▸ RECORDS SUPPLIED
<<<<

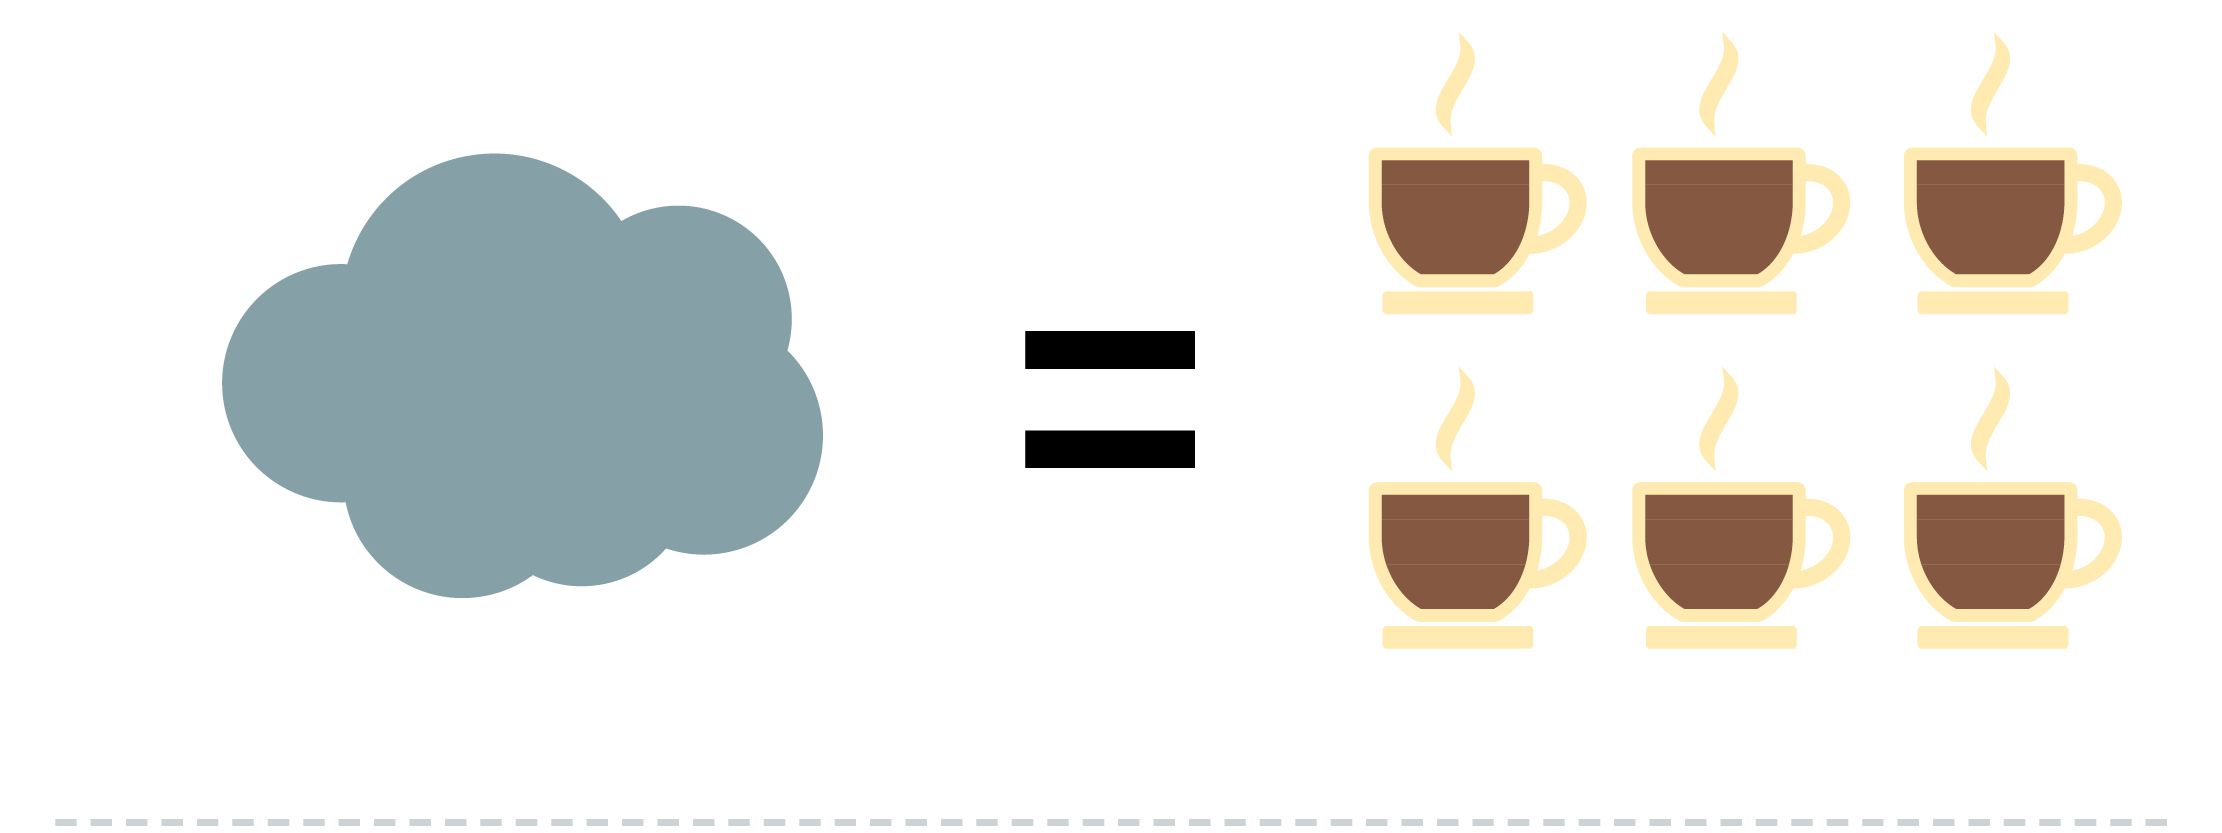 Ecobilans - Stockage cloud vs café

>>>>
<<<<

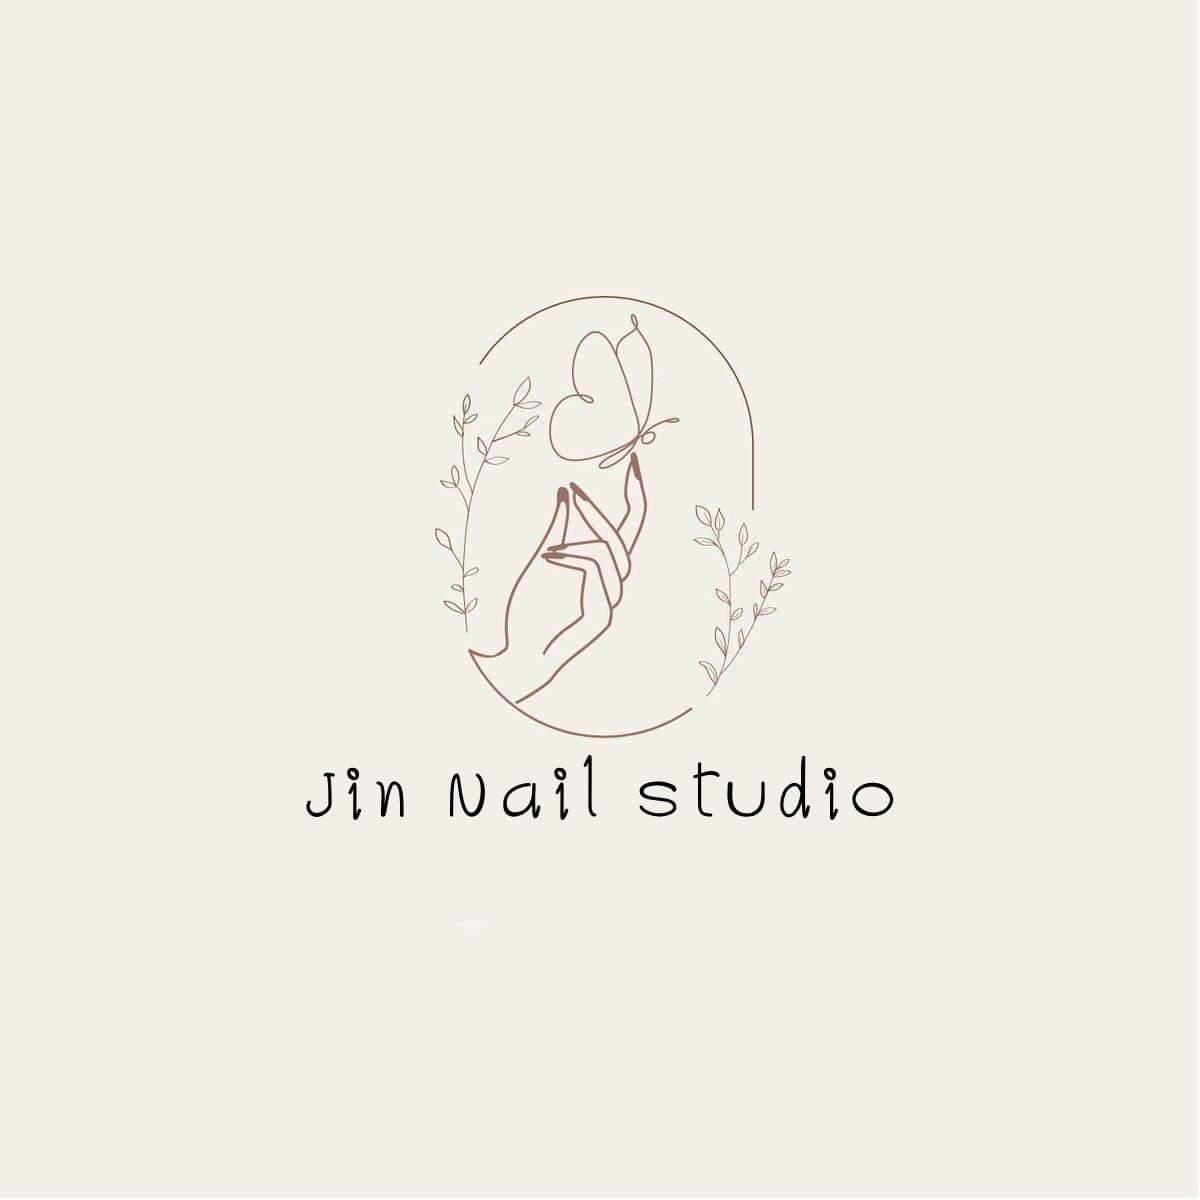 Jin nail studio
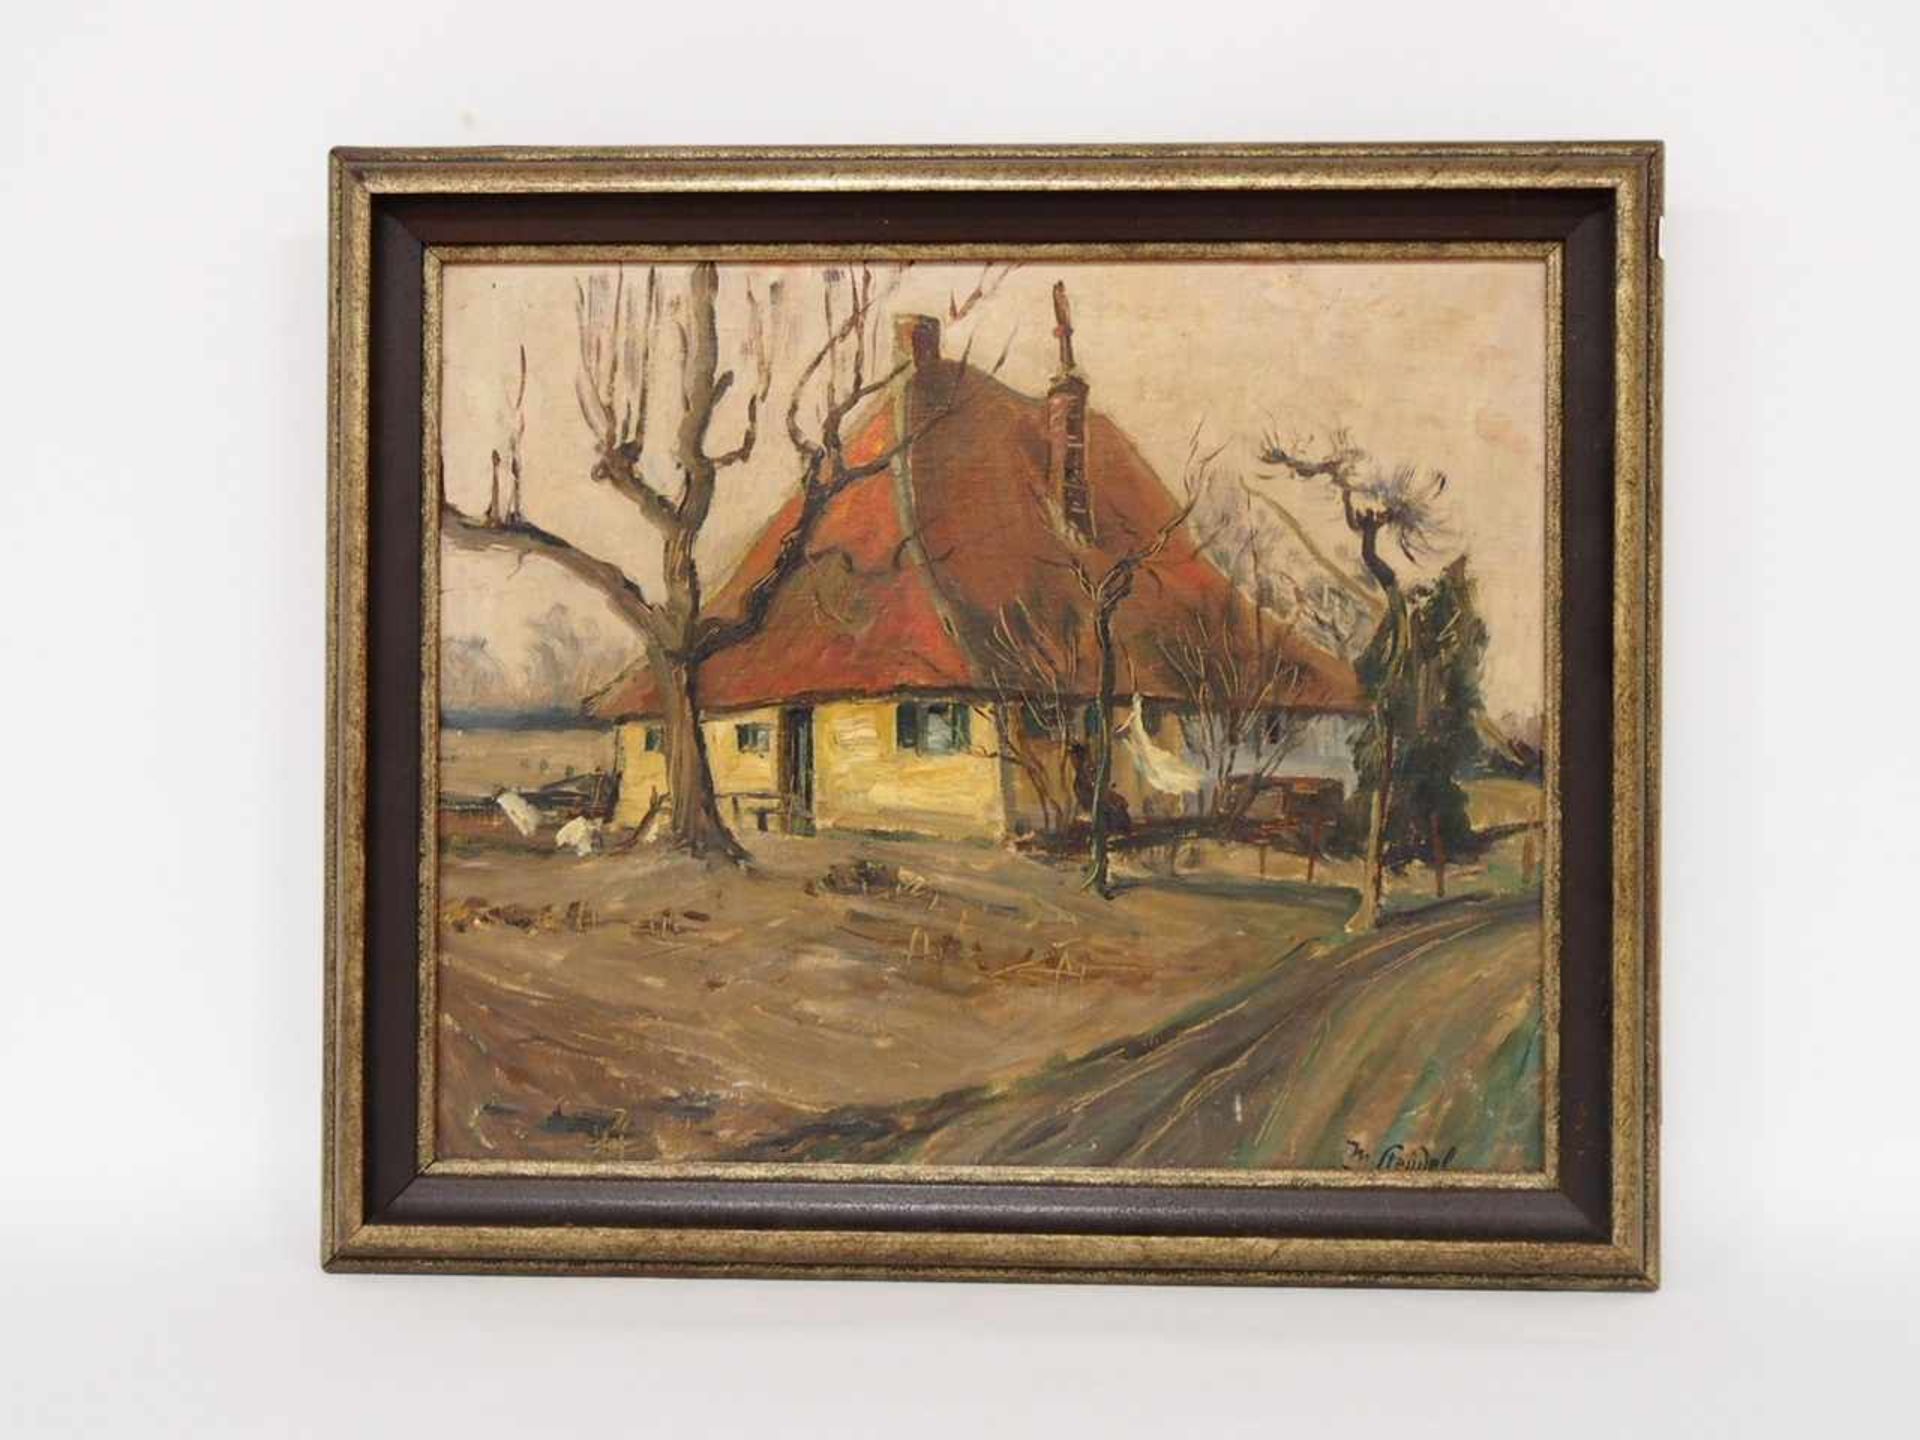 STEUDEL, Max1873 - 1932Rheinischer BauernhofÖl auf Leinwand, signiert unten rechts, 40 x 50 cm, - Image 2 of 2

>>>>

Give again, exactly as written above, every line from the one holding "Jin nail studio" to the one holding "STEUDEL, Max1873 - 1932Rheinischer", with both ends kept and the pictures left out.

 Jin nail studio
 STEUDEL, Max1873 - 1932Rheinischer BauernhofÖl auf Leinwand, signiert unten rechts, 40 x 50 cm, - Image 2 of 2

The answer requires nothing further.